##### Data

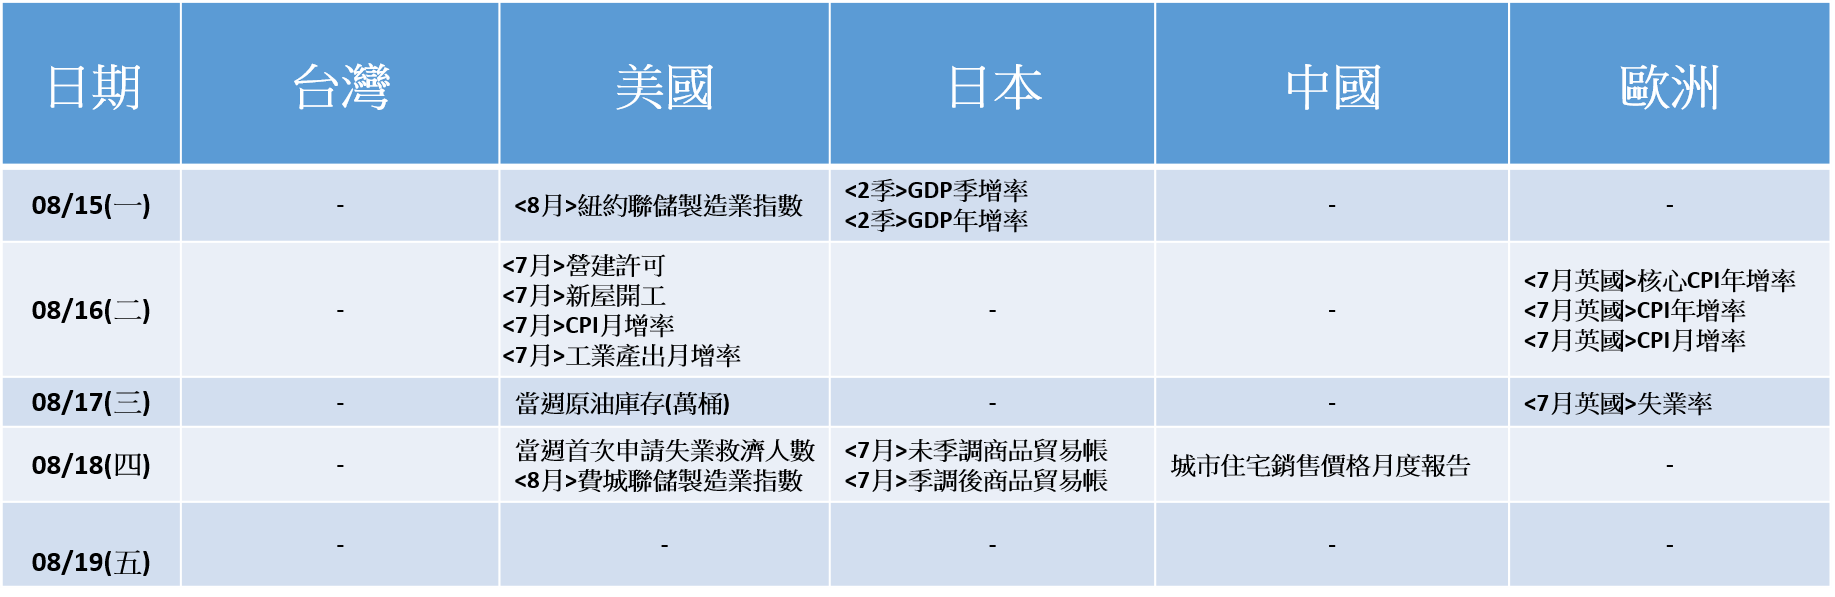 20160815~20160819_財經數據
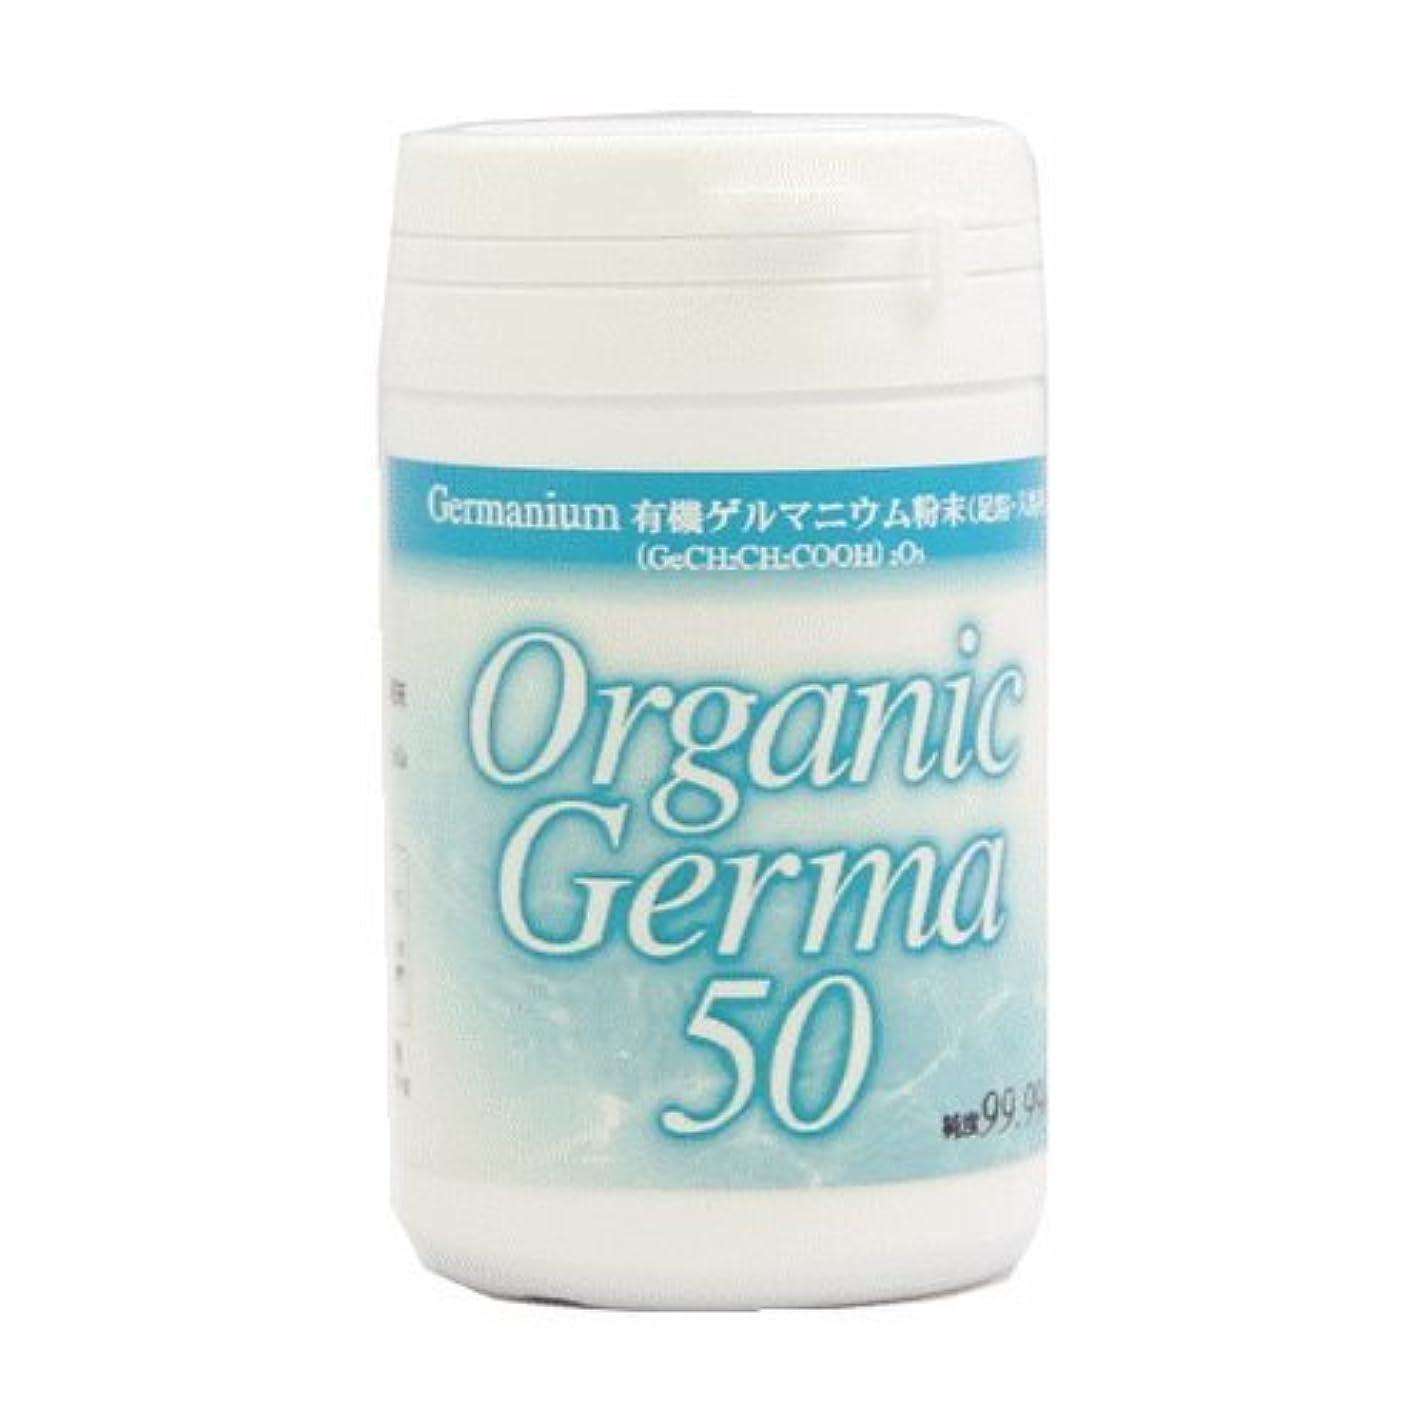 万一に備えて実質的に革新【有機 ゲルマニウム 粉末 50g (Ge-132) 99.99% 温浴用】 ゲルマ パウダー
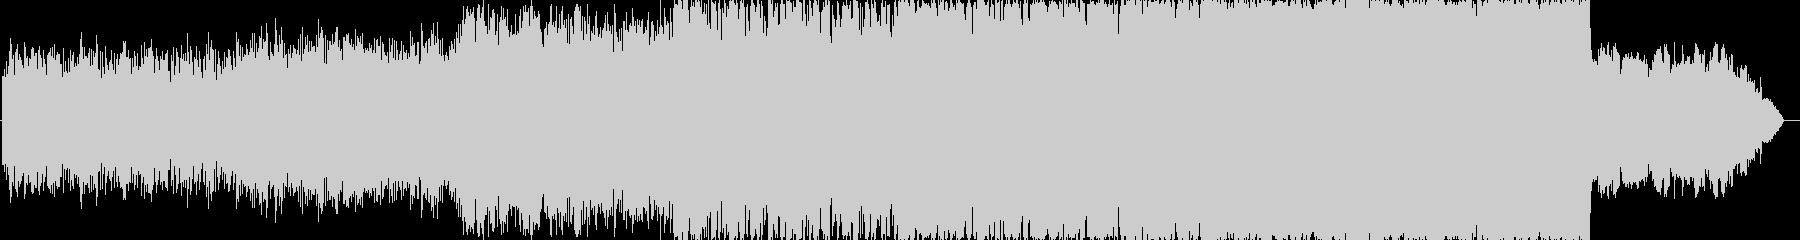 暗め ポップス オーケストラ風の未再生の波形

##########

*Problem to solve*
Word for word, restate each line above, minus its pictures.

*Response*
 20160815~20160819_財經數據
 万一に備えて実質的に革新【有機 ゲルマニウム 粉末 50g (Ge-132) 99.99% 温浴用】 ゲルマ パウダー
 暗め ポップス オーケストラ風の未再生の波形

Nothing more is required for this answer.